If anyone was to look right now it would seem so suspicious, but I force that thought to the back of my head.

"I-" she begins, but another sob comes out so she just shakes her head, telling me she can't do it, her eyes darting around the arena.

"You can. Ignore everyone else. It's just me and you in here. Talk to me, please." I beg her. I don't care if I'm being soft, it's better than her keeping every thought that goes through her pretty little head.

"Why won't they work, Corey?" She whispers, looking down to her legs as a single tear slips out.

"That's not a question I have the answer to. But we will find you the answers soon enough. You've got me, Willem, your mum and dad on your side." I tell her, wiping my thumb underneath her eye to get rid of the rogue tear.

"Why are you being so nice to me?" She asks me as if she thinks she doesn't deserve it.

"I'm not being nice, I just believe you and you don't know what it's like to be believed yet," I say, standing back up on my feet. "Why were you skating anyway? You know it's not safe to skate when you're stressed."

"There is nothing more painful than waiting around for something that I know will never happen, but it's even harder to give up the only thing I've ever wanted." She sticks her hand out, silently asking me to pull her up from the ice.

"What do you mean?" I query, looking around to make sure everyone isn't still looking here after the whole outburst earlier.
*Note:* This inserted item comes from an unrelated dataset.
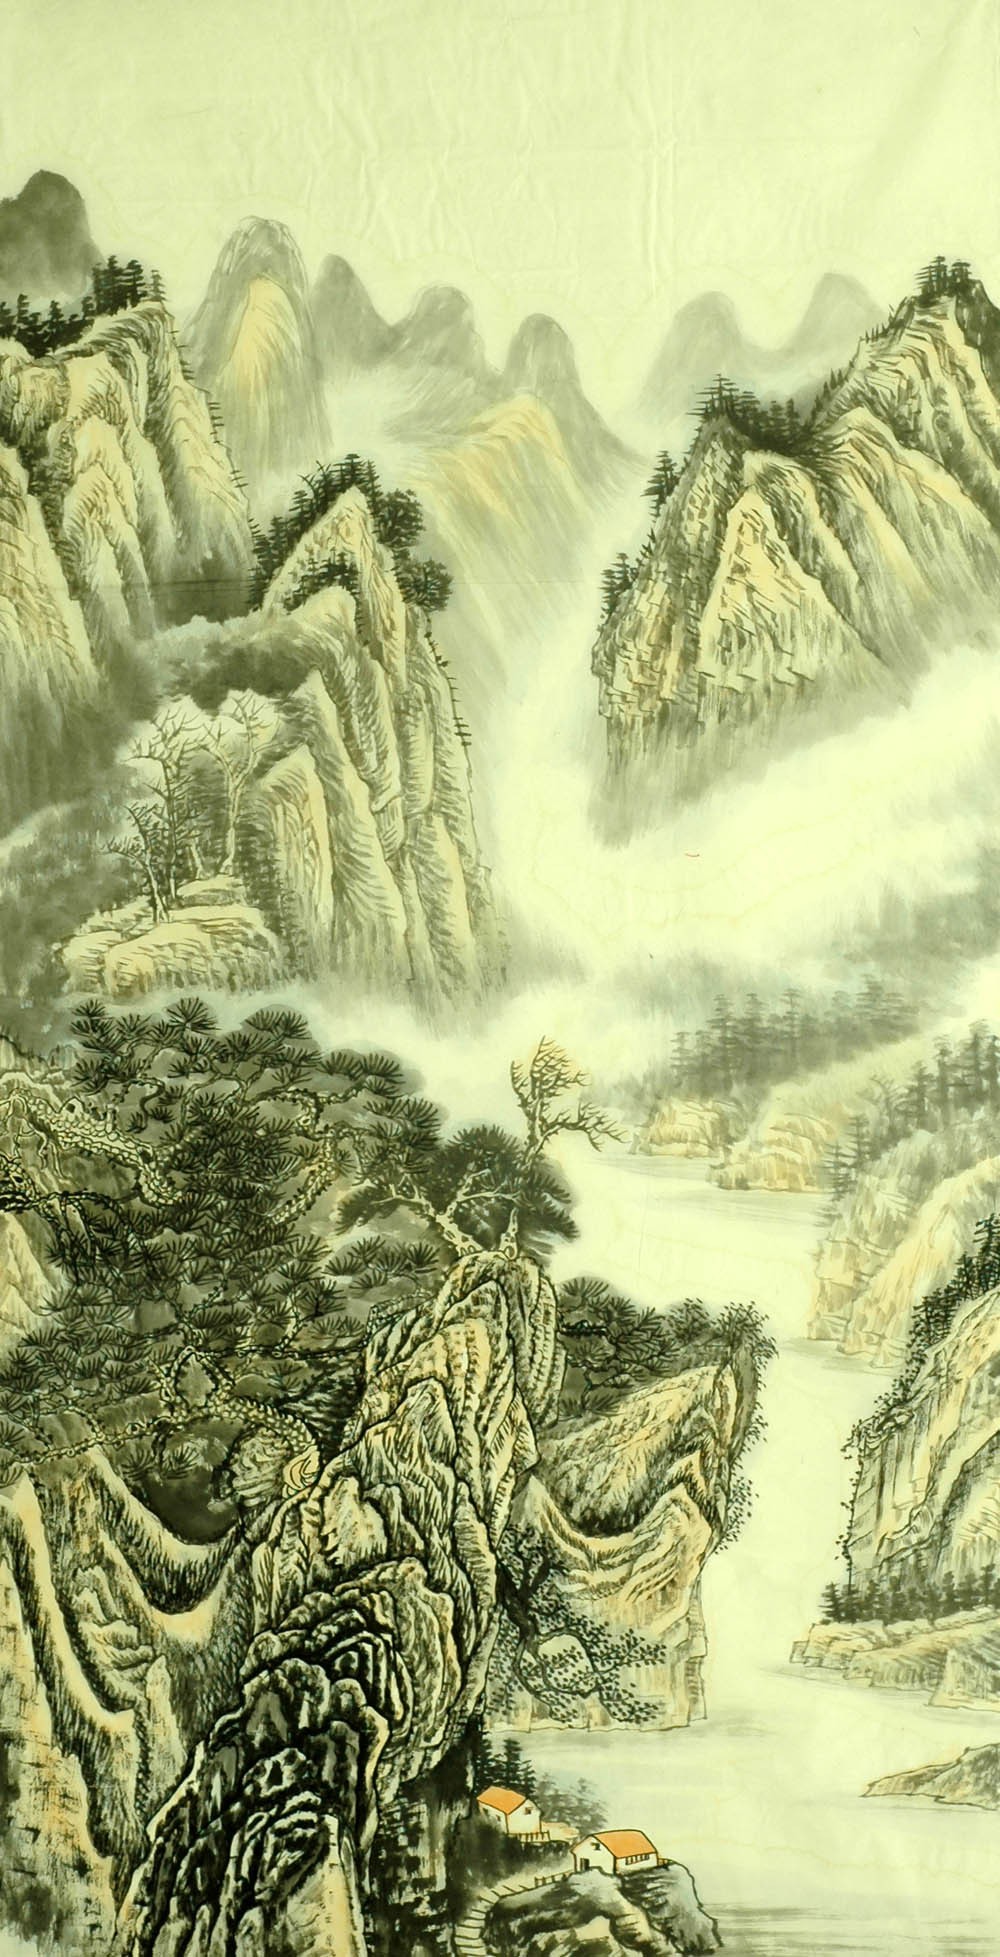 Chinese Landscape Painting - CNAG007156

"Didn't you hear? Mark gave my spot to someone else and nobody but me gives a shit." She says, swaying on her legs slightly so I grab her hips on reflex.

"I did hear about that, yes, are you drunk?" I ask her, I know she's not but I have to make sure.

"You know nothing so don't pretend to care now, Corey." She spits, adjusting herself so she can get out my grip on her waist.

Pain has changed her; it's made her into someone who overthinks and doesn't trust people so she ends up shutting them out, shutting me out.

Did she forget about our today, tomorrow, forever promise?

"Come on," I hold my hands out and she looks at them suspiciously. "Collapse into me just this once, I'll make sure you'll never have to fall again."

"Where are we going?" She asks me as she takes my hands, but I don't say anything and just drag her along the ice with me.

I wish I put my skates on now but she seems to be having just as much fun going at this pace. I walk around the ice backwards and she glides following me. By doing this, she doesn't have to move her legs and just focus on standing up and holding onto me.

I hope it's helping to take her mind off her thoughts, and hopefully even the pain slightly. The girl's face is very unreadable sometimes. I let go of one of her hands and twist her so that she does a spin.

A massive grin takes over her face, and I'll be damned if it wasn't the most beautiful thing I've ever seen.

I catch her after the spin as she loses balance a little but neither of us make a move to scramble away from each other.

I stare into the stars in her eyes and see her for all she is because stars are better when broken, right?